L’hôpital est quasiment autonome. Seuls les médicaments sont préparés, patient par patient au CHL, parce que l’espace ne permettait pas d’accueillir encore une pharmacie. C’est une structure provisoire qui s’ajoute aux capacités d’accueil du CHL.

60 à 70 soignants du CHL dorment à l’hôtel

«Pour l’instant, l’effet recherché avec le confinement a fonctionné», glisse la ministre de la Santé. «Le plan a marché. Mais il faut rester très prudent: il n’y a pas besoin de beaucoup de faux pas pour déclencher une deuxième vague.»

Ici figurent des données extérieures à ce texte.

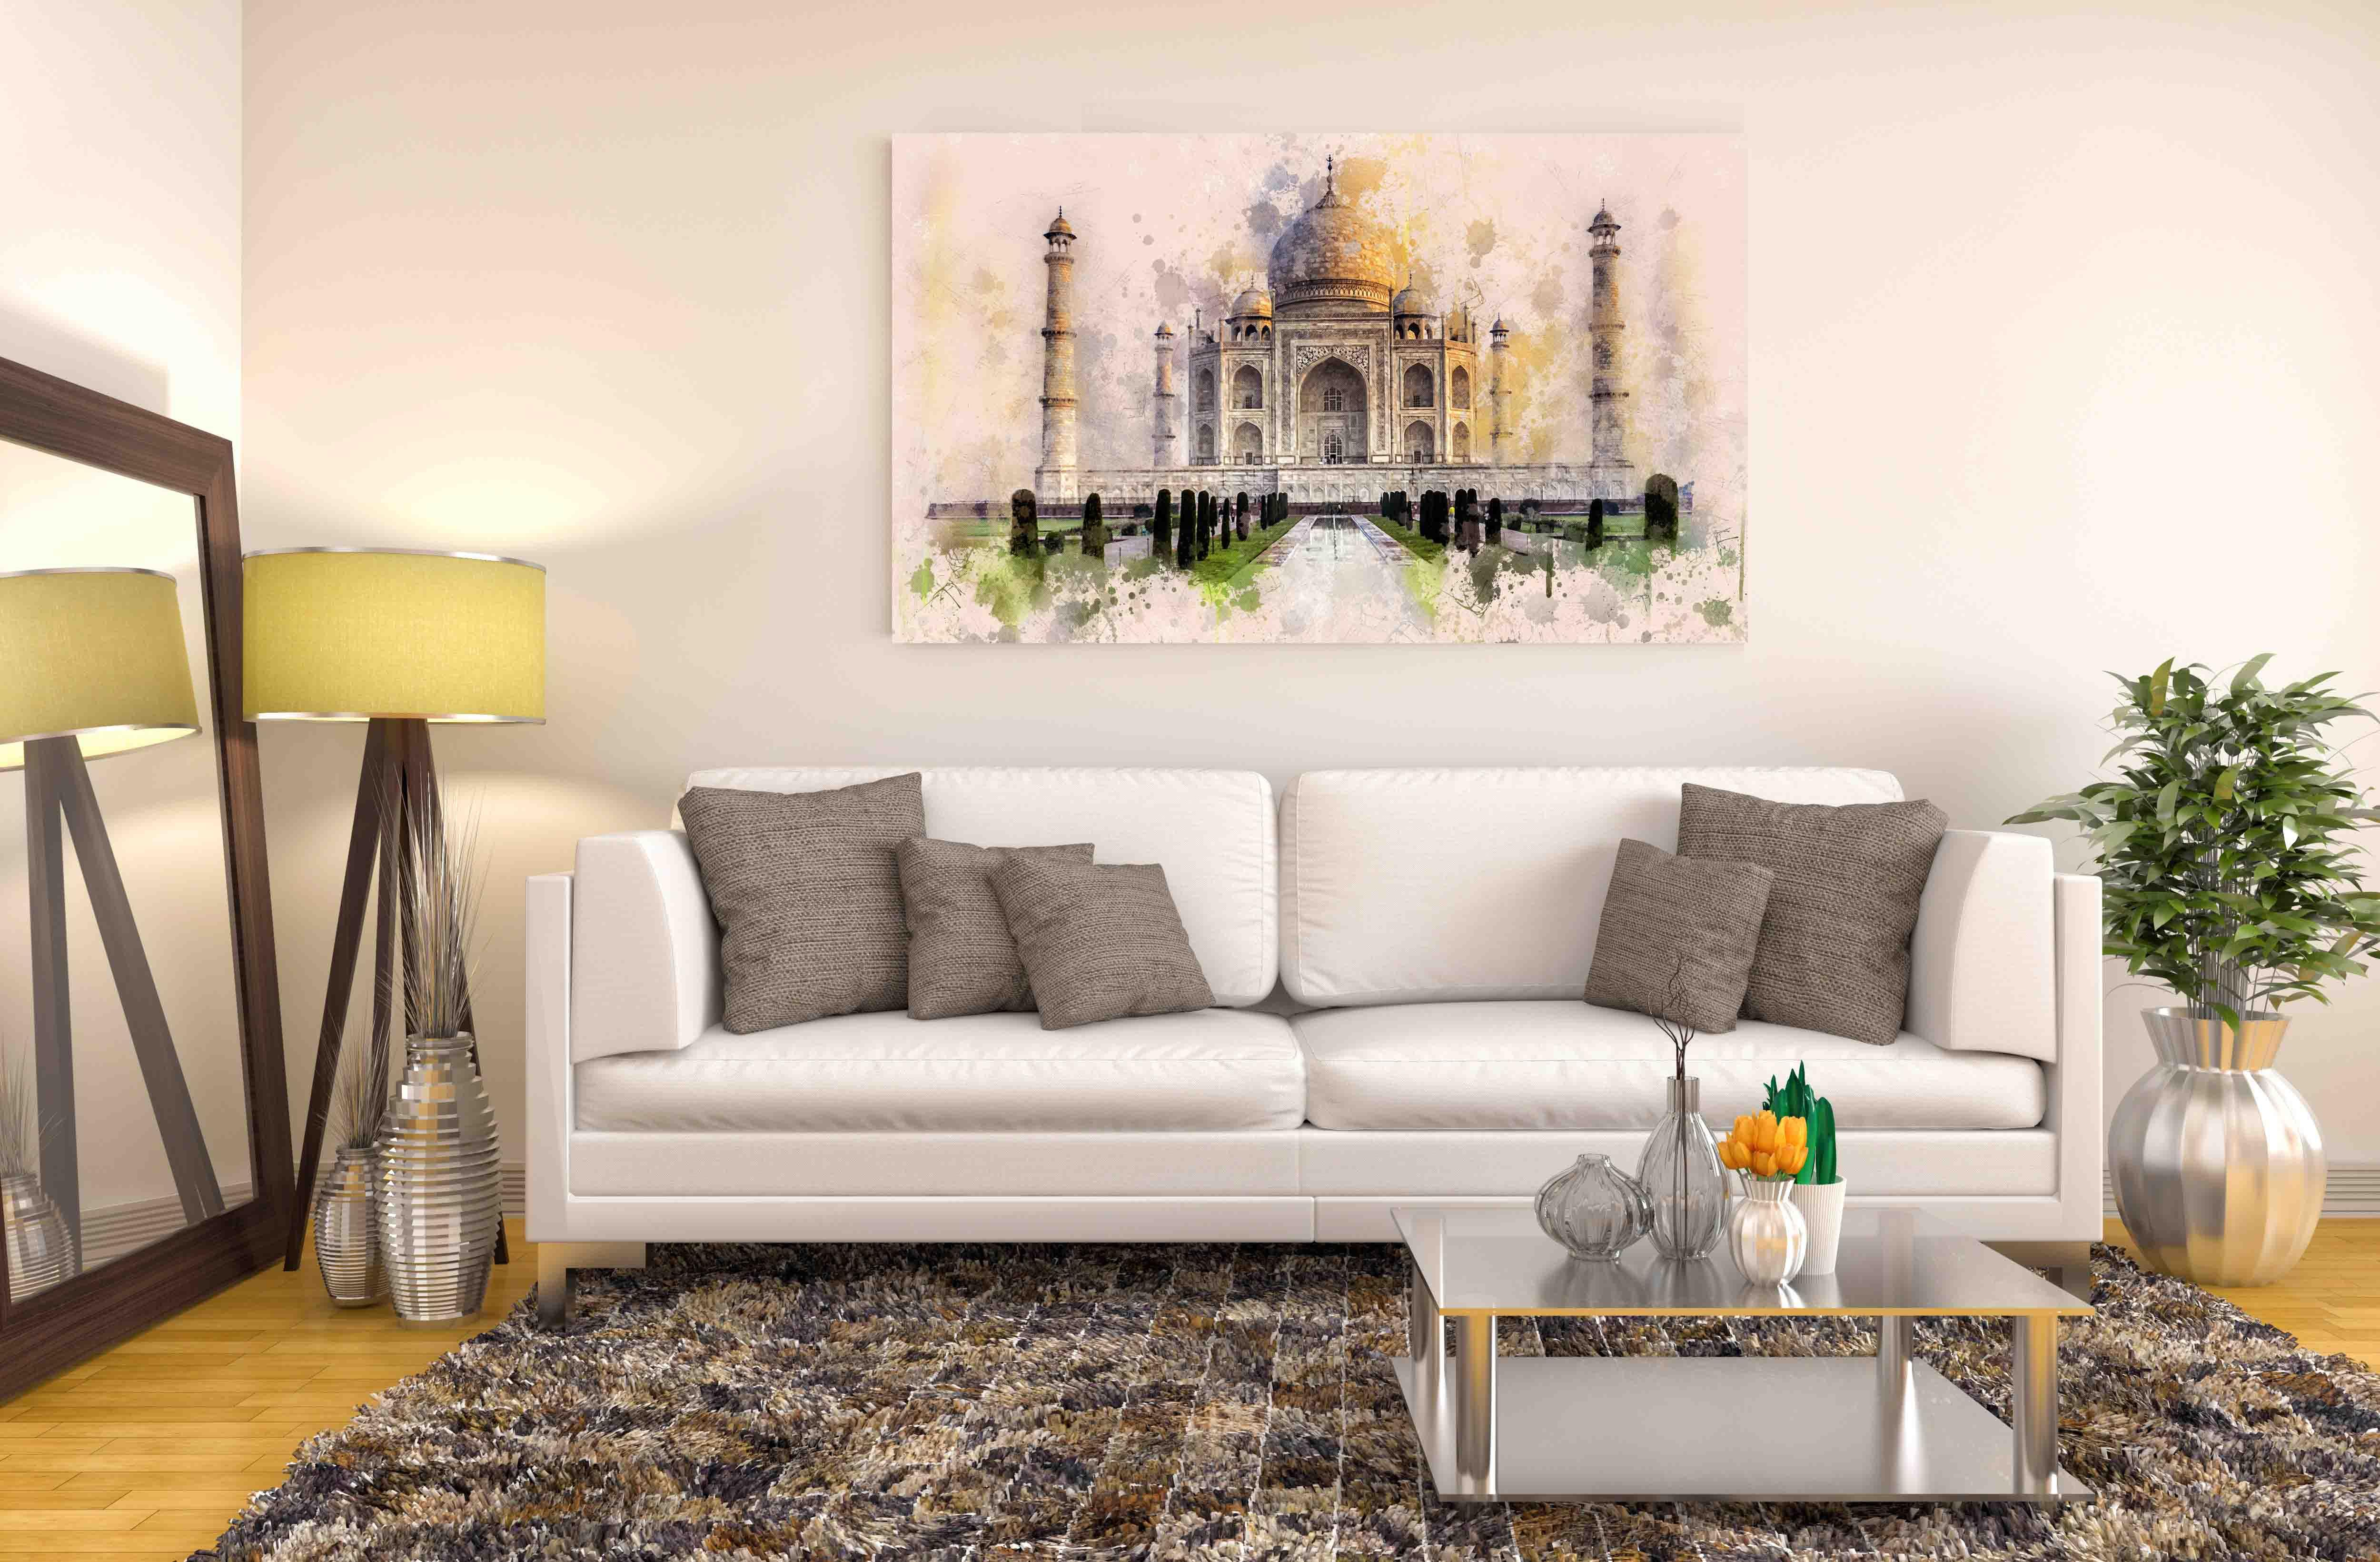 Photo painting on canvas - Magnificent Taj Mahal

«Aujourd’hui», commente Mme Birkel, «notre personnel a dépassé ses peurs. Ils ont tous reçu des formations en sécurité pour eux et pour les patients. Il y a toujours la peur de rentrer à la maison et de contaminer ses proches, ses enfants, mais la plupart ont installé des rituels comme des sas de décompression.»

«En temps de crise», explique la directrice des soins, «l’individuel n’a pas sa place, le collectif prime. Le covoiturage a été interrompu, mais nous avons augmenté les places de parking. Certains ont saisi les opportunités de garde des enfants, d’autres de la cellule psychologique, qui organise des ‘Cafés du bien-être’ où ils peuvent parler, et 60 à 70 soignants utilisent la possibilité mise en place par l’État de dormir à l’hôtel et de s’épargner les trajets. La mobilisation est générale!»

Une cinquantaine de soignants sont prêts à faire fonctionner cet hôpital de campagne en pleine ville. En espérant ne jamais avoir à en ouvrir les portes.